Rocky Reach Dam is a run-of-the-river hydroelectric dam in the U.S. state of Washington owned and operated by Chelan County Public Utility District. It has 11 generators rated in total 1300 MW. The project is on the Columbia River in north central Washington state about 7 mi upstream from the city of Wenatchee. The dam is 473 mi above the mouth of the Columbia. The reservoir impounded by the dam is Lake Entiat. The project provides energy for more than 7 million people throughout the Pacific Northwest.

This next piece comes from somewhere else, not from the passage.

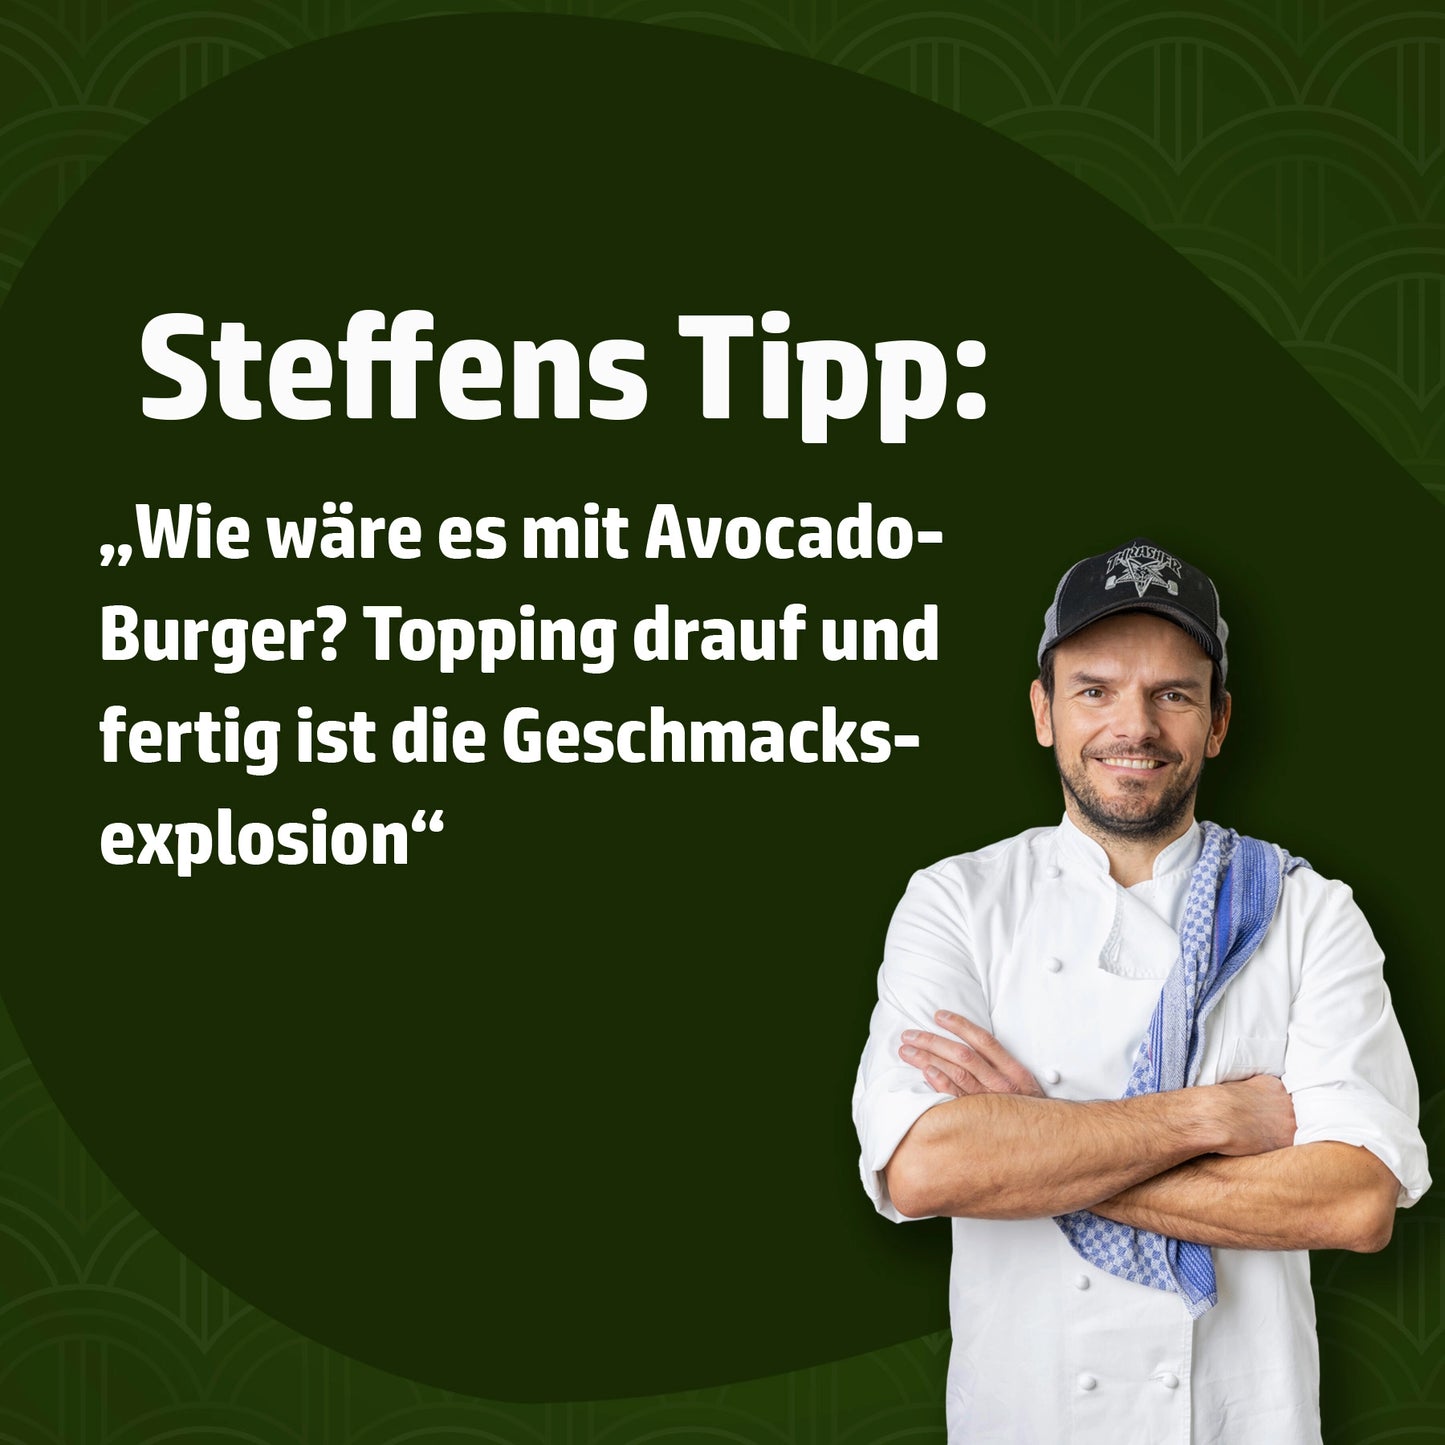 Hensslers Avocado Topping online kaufen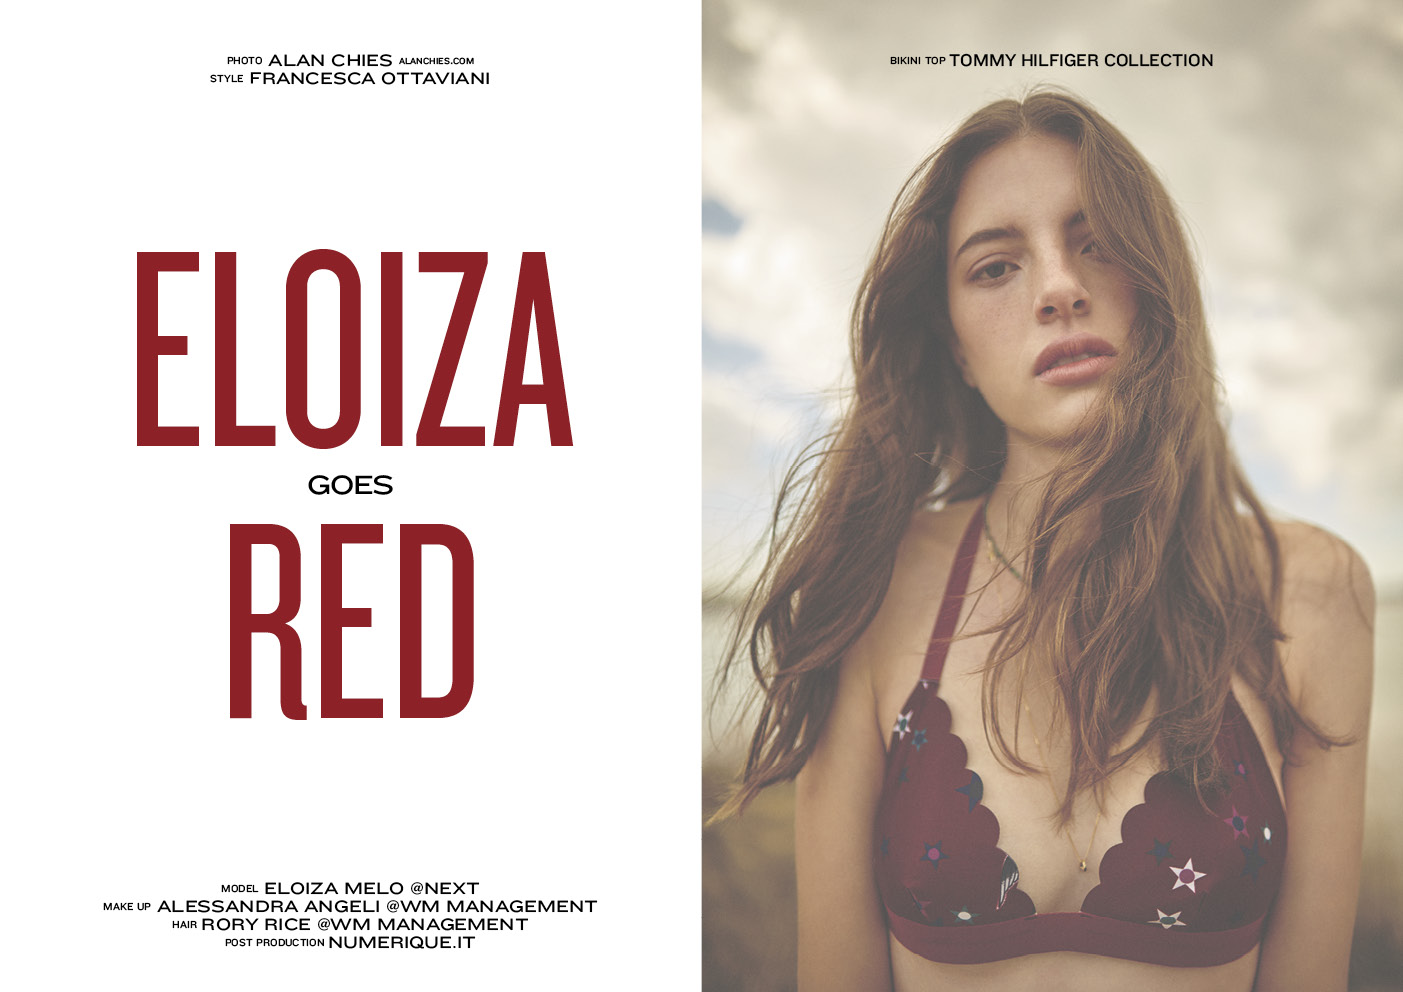 RedMilk June 2015 “Eloiza goes red” | Alan Chies | RedMilk | Francesca Ottaviani | Numerique Retouch Photo Retouching Studio

Rocky Reach is nationally recognized for efforts to protect the environment. A first-of-its-kind juvenile fish bypass system was completed in 2003 to help young salmon and steelhead on their way to the ocean. A major powerhouse upgrade started in 1995 includes new turbines that are more fish friendly. Improvements to turbines and generators are also designed to improve efficiency and reliability.

==Tourism & recreation ==
The project is located on the Columbia River on Highway 97A, 7 mi north of Wenatchee. The visitor center shows films describing the Columbia River. The "Look a Salmon in the Eye" exhibit from (May–September) is a fish viewing room. The Powerhouse includes exhibits on the fourth floor. The Rocky Reach dam is near the Lincoln Rock State Park a short distance upriver.

==History==
In 1934 the United States Army Corps of Engineers first reported on the hydroelectric potential of this site. By the 1950s, studies were carried out by the Chelan County P.U.D. for detail design of the project. The present site is about 1 mi downstream of the site investigated by the Corps of Engineers, due to better conditions for foundations. A preliminary permit was issued in 1954. In 1956 construction of the powerhouse and the first seven generating units began. Four more generators were installed starting in 1969, increasing nameplate capacity to 1287 megawatts. The original project cost was US $273.1 million, financed by bonds sold by the PUD. Project costs included relocation of highways and railroad, land acquisition, and relocation of the town of Entiat. Repayment of bonds was through revenues from long-term sales contracts between Chelan County Public Utility District and local industrial and distribution customers. The facility has been re-licensed until 2052.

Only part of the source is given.